• Assignment
Set down, exactly and only, everything from the line containing "O2 (società di" down to the line containing "Schreibtisch Fmd furniture" in the data below; the pictures are not part of the copy.

• Source material
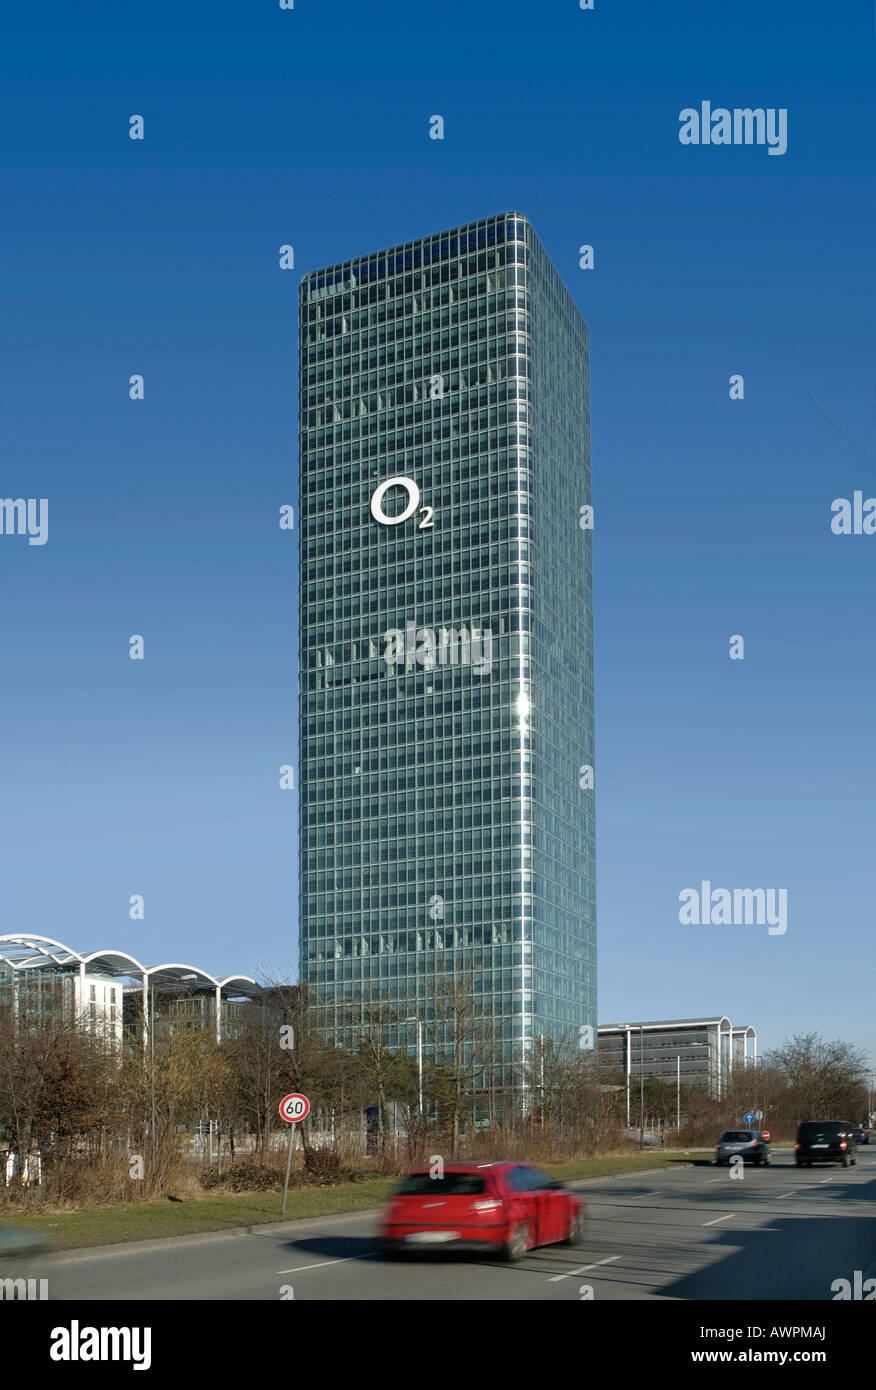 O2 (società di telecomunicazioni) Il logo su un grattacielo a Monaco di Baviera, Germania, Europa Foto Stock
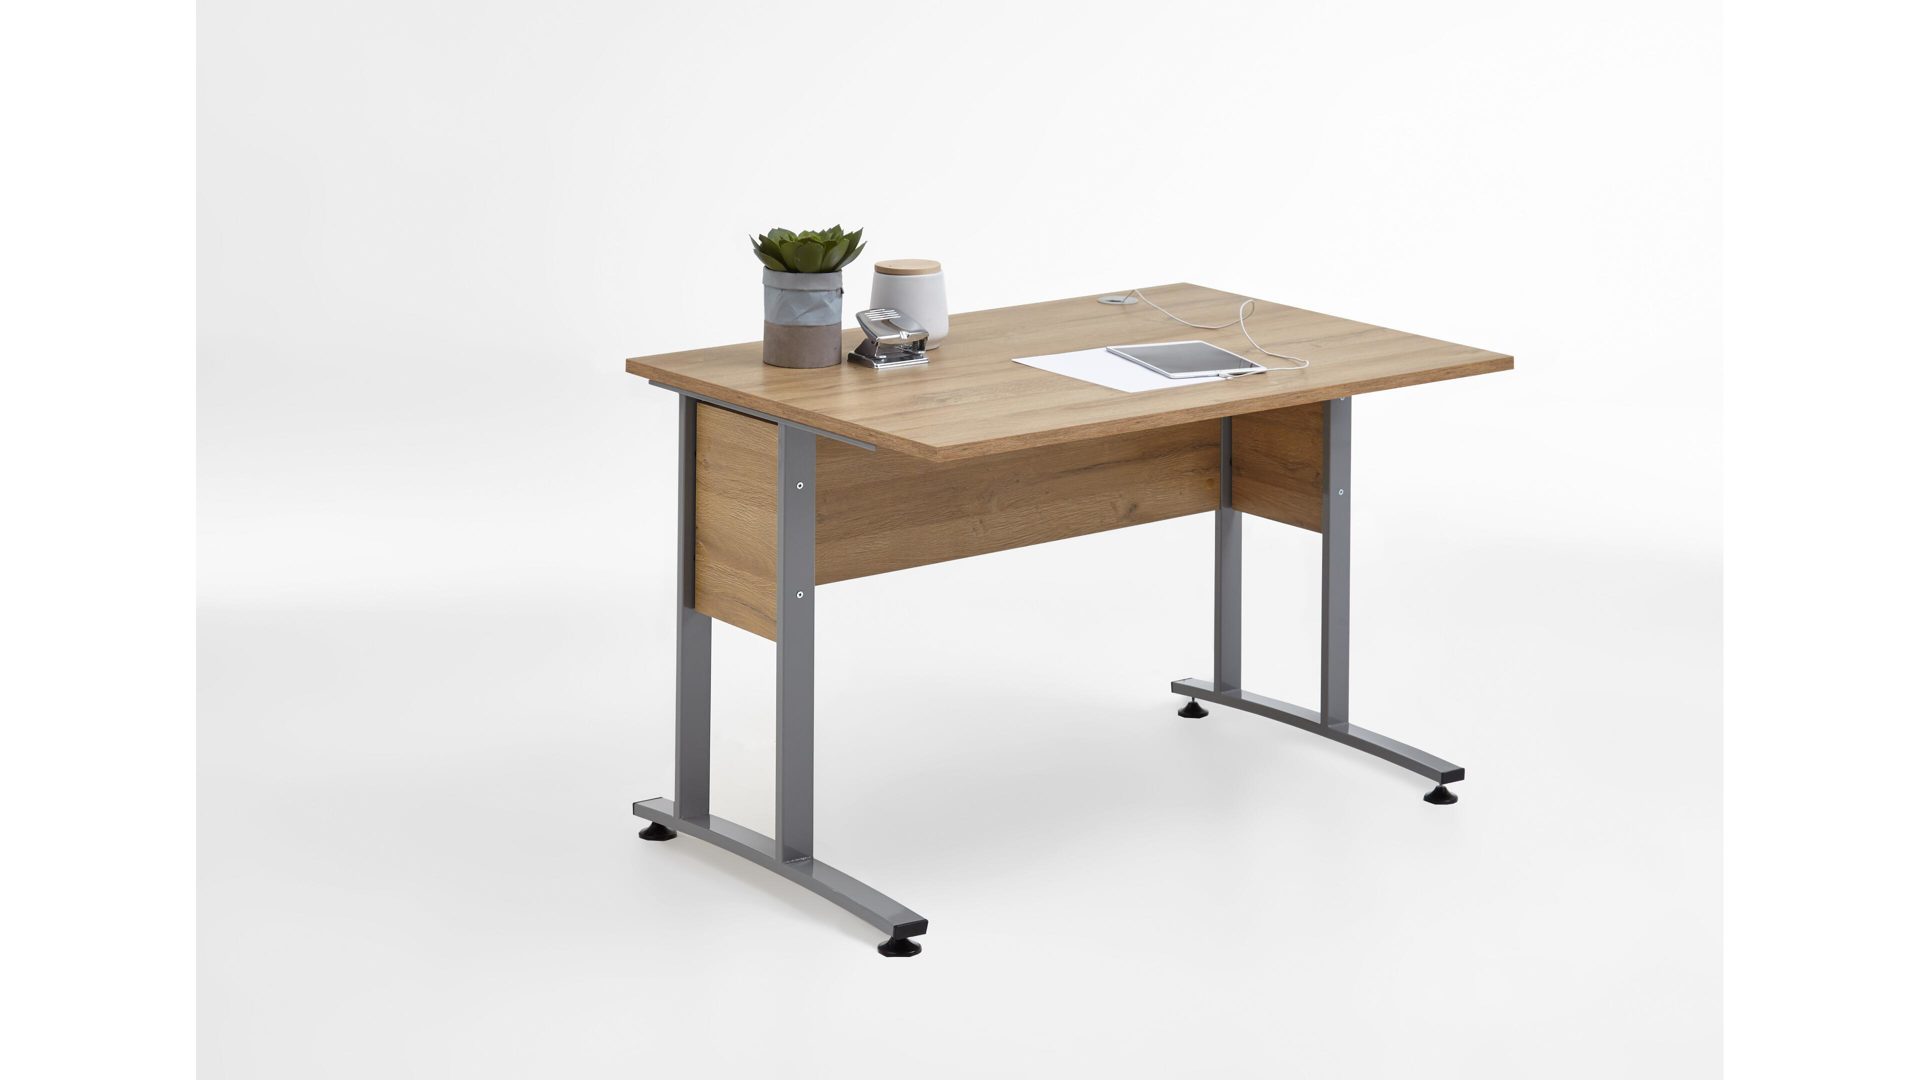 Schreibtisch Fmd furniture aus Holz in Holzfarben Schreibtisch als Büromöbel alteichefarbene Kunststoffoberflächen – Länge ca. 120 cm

* * *

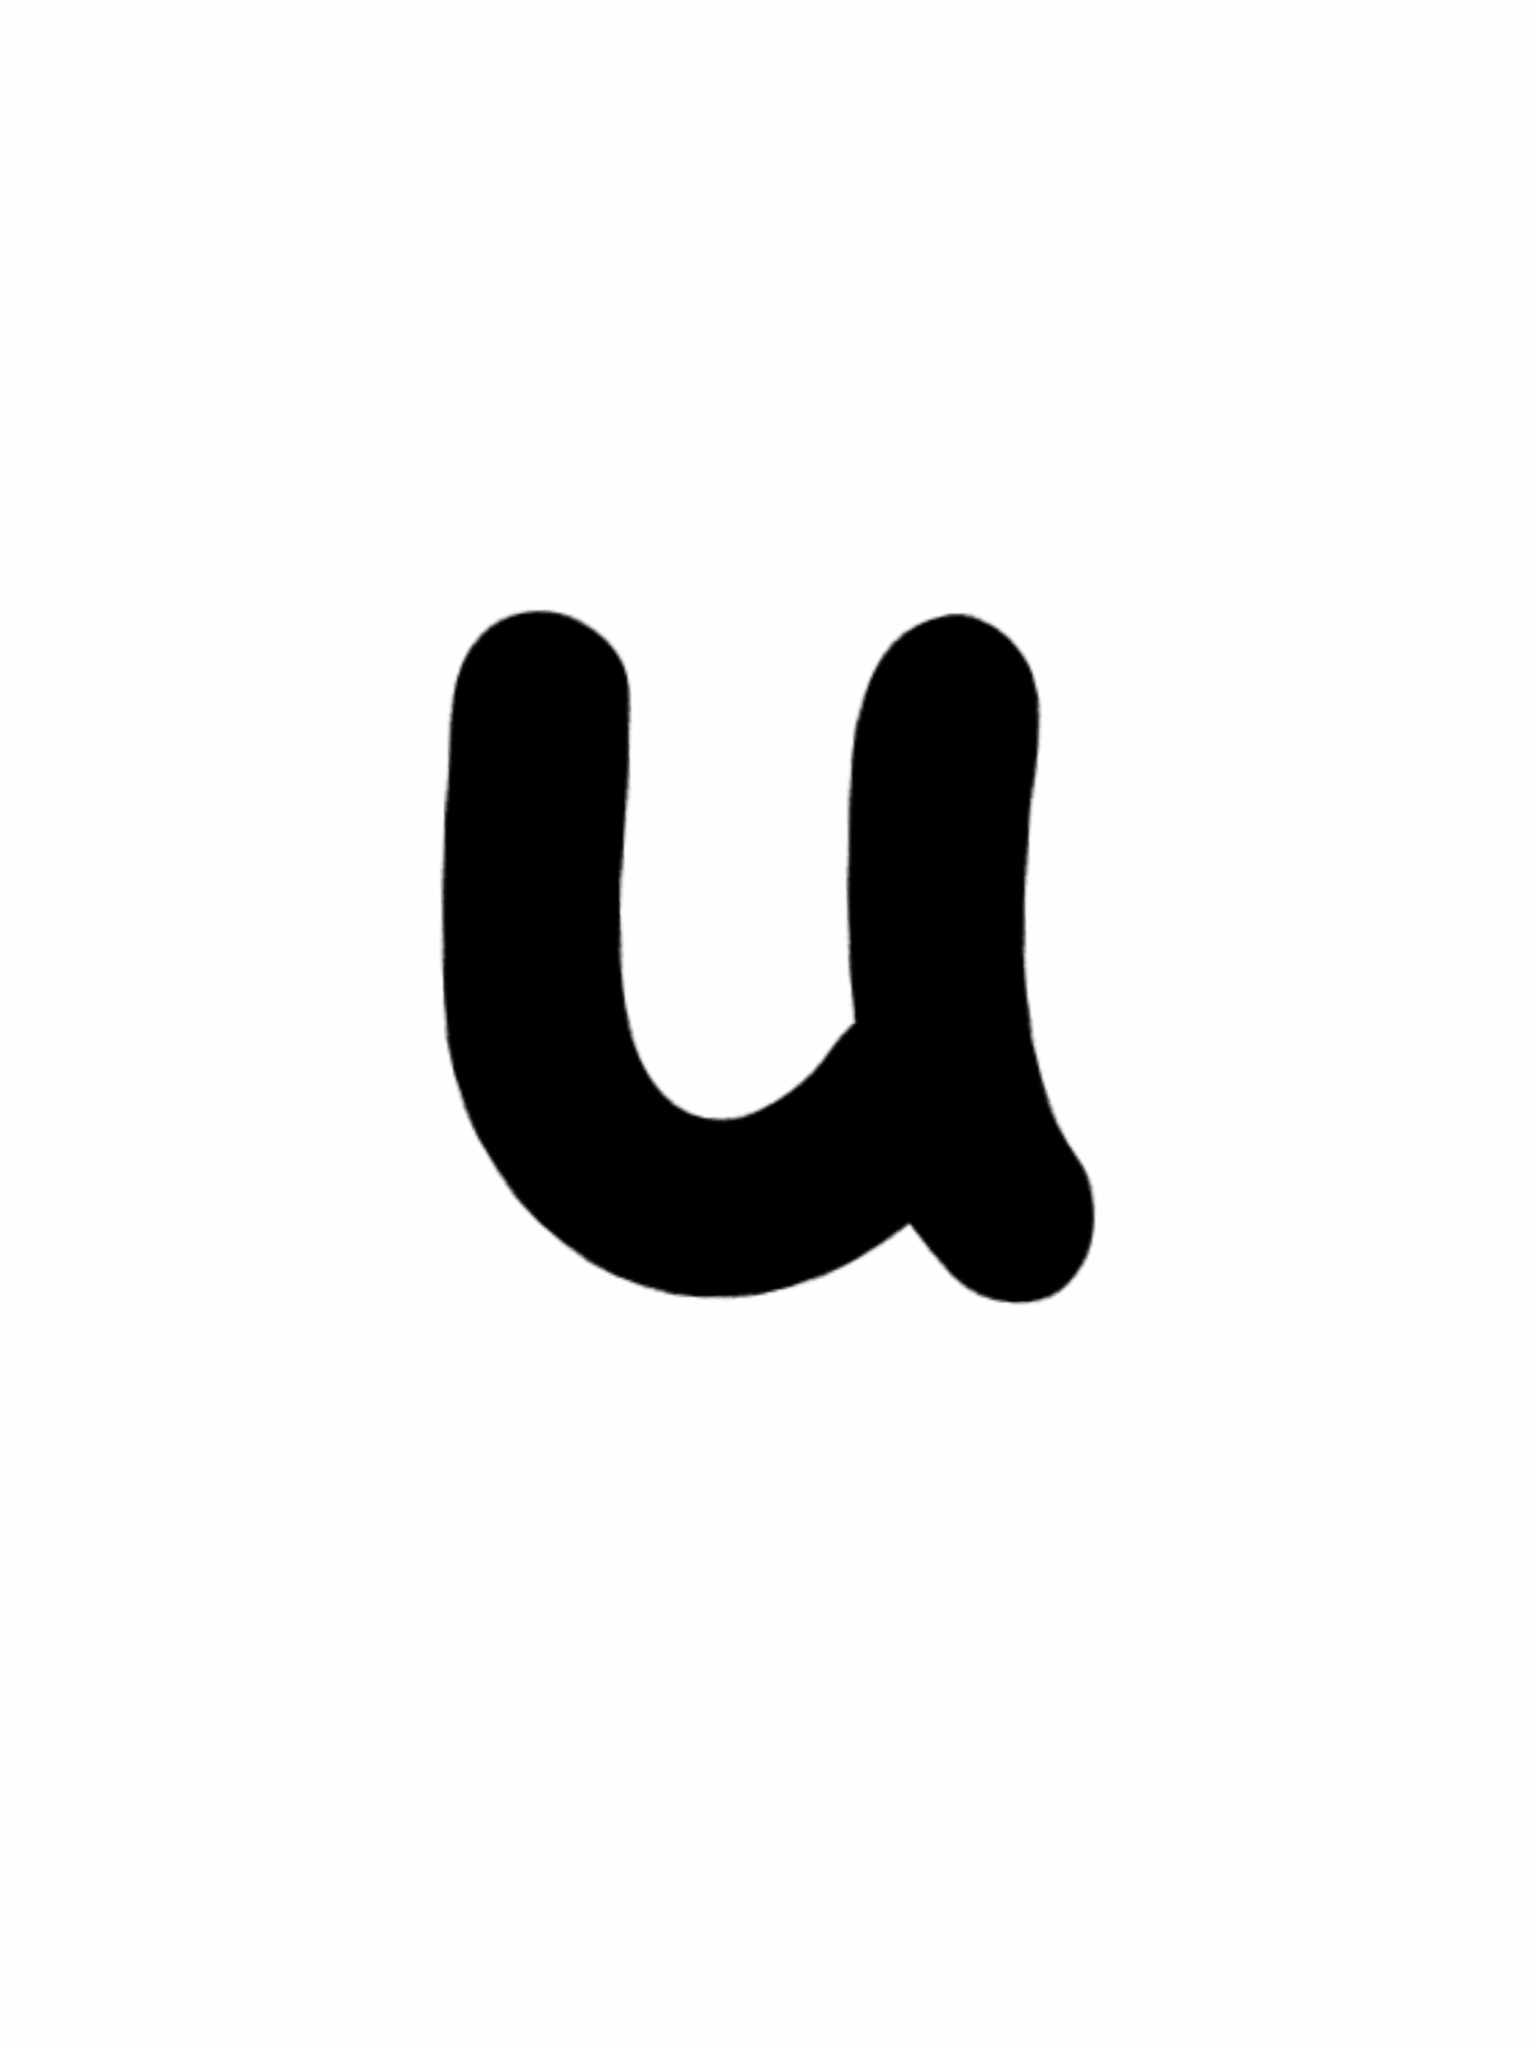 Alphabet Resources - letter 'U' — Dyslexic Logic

• Your response
 O2 (società di telecomunicazioni) Il logo su un grattacielo a Monaco di Baviera, Germania, Europa Foto Stock
 Schreibtisch Fmd furniture aus Holz in Holzfarben Schreibtisch als Büromöbel alteichefarbene Kunststoffoberflächen – Länge ca. 120 cm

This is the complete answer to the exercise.